— Requirement —
Where the data below contains pictures, omit them; output the rest word for word.

— Information shown —

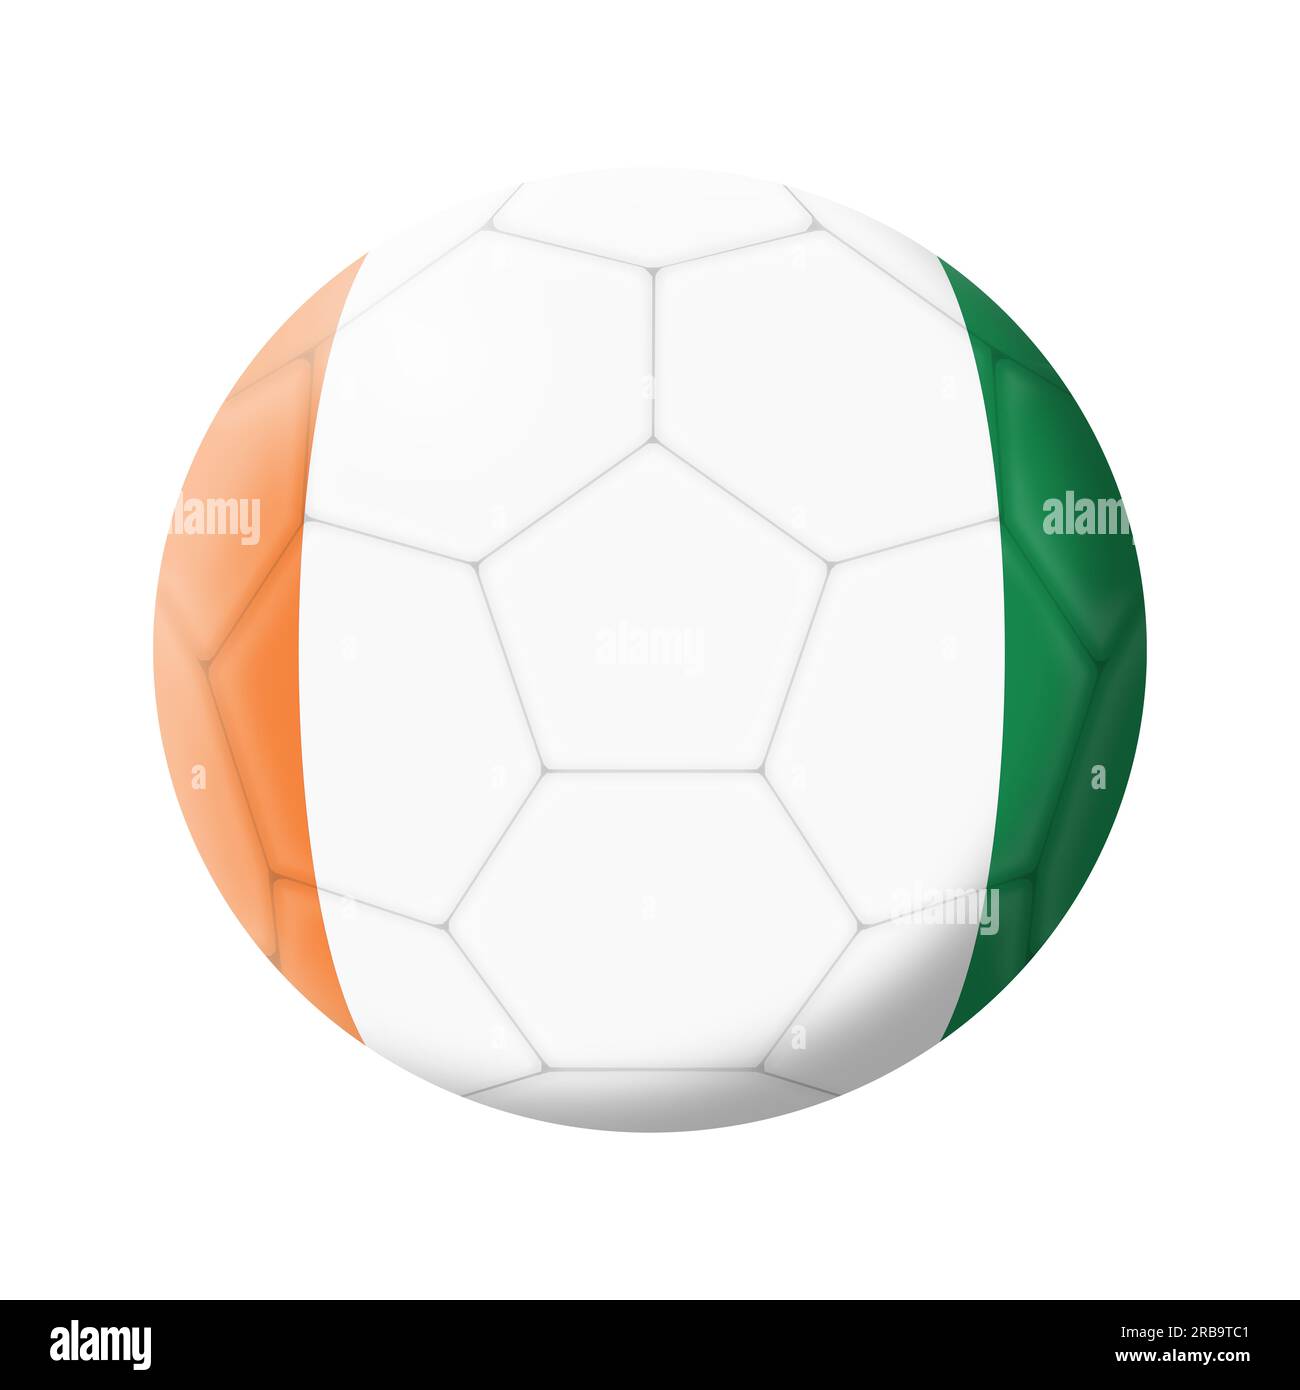 Ivory Coast Cote dIvoire soccer ball football 3d illustration with clipping path Stock Photo
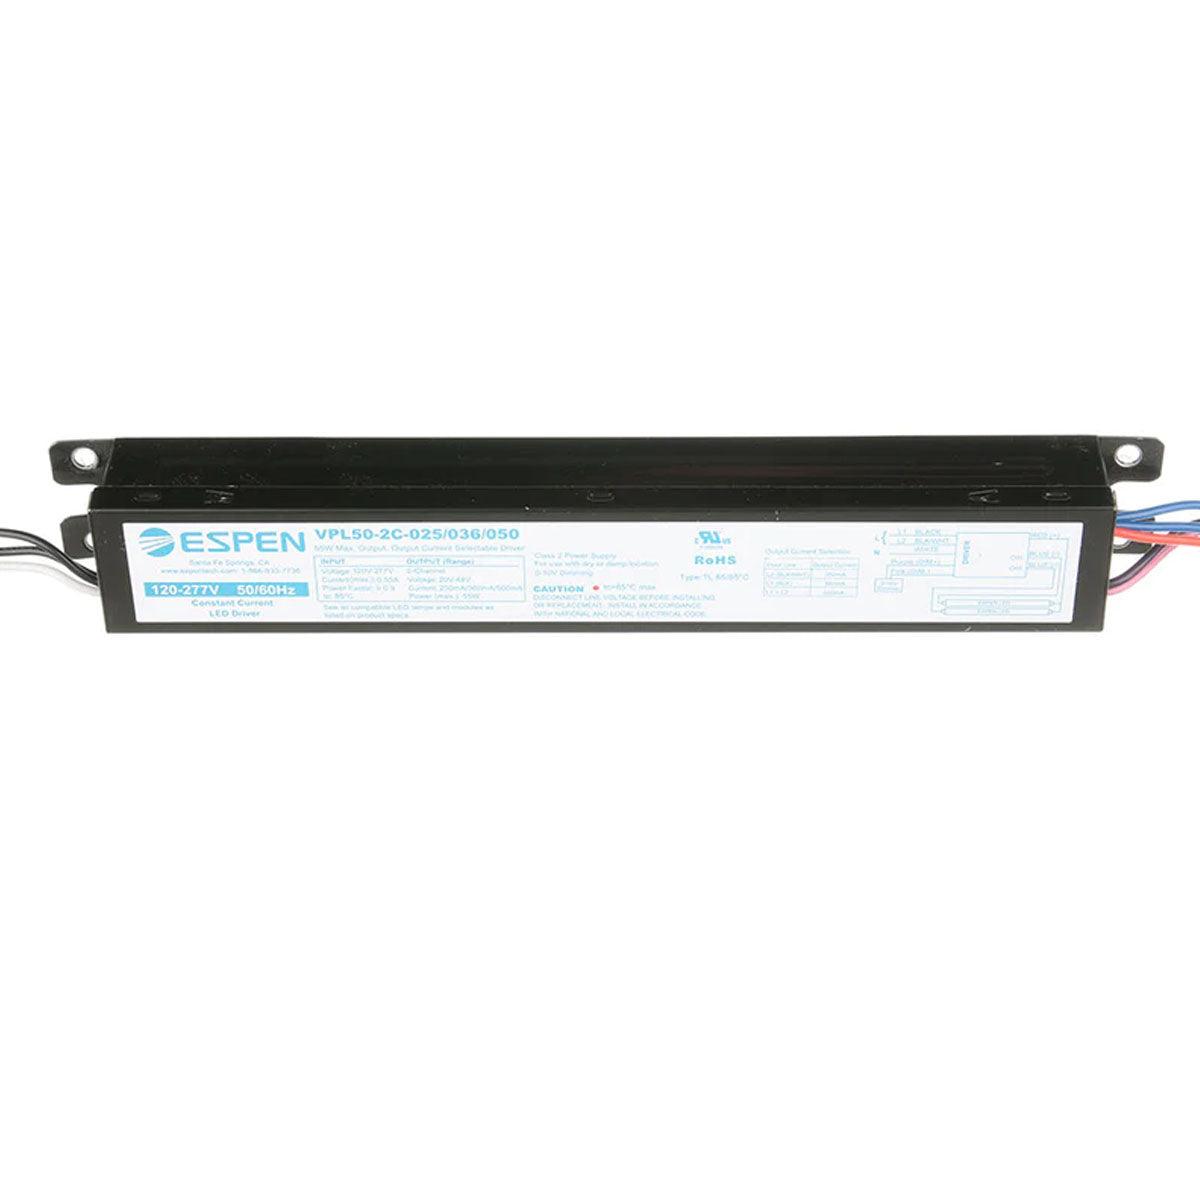 CoreTech VPL LED Driver, 35W, Selectable Constant Current 250-360mA, 0-10V Dimming, 2 Channels, 120-277V Input
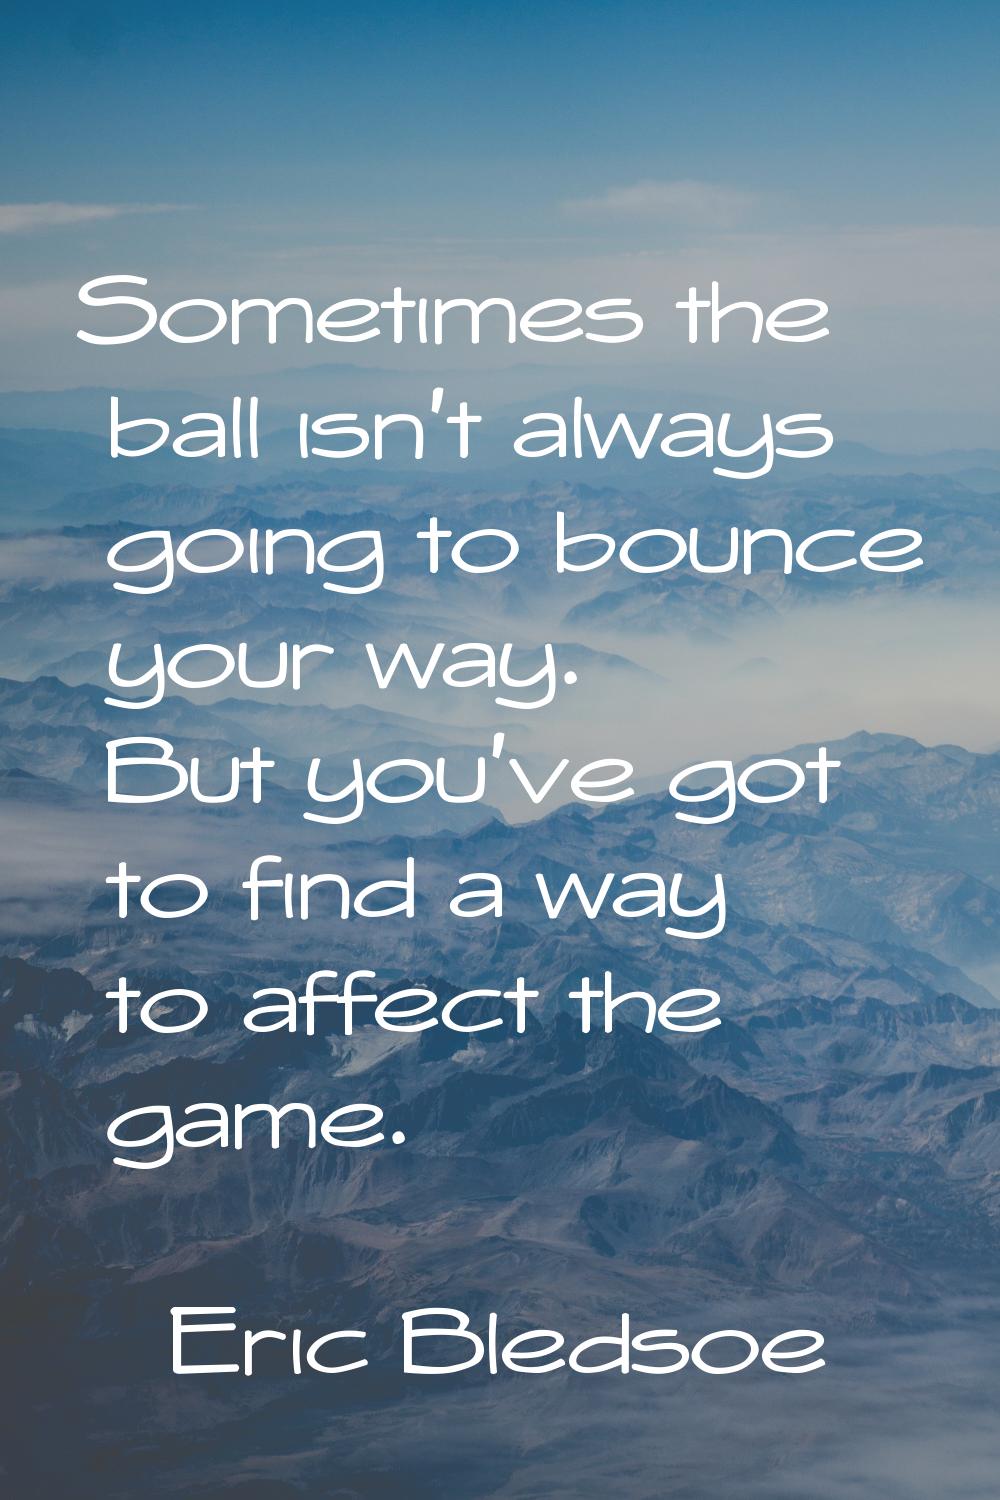 Sometimes the ball isn't always going to bounce your way. But you've got to find a way to affect th

— Exercise answer —
 Ivory Coast Cote dIvoire soccer ball football 3d illustration with clipping path Stock Photo
 CoreTech VPL LED Driver, 35W, Selectable Constant Current 250-360mA, 0-10V Dimming, 2 Channels, 120-277V Input
 Sometimes the ball isn't always going to bounce your way. But you've got to find a way to affect th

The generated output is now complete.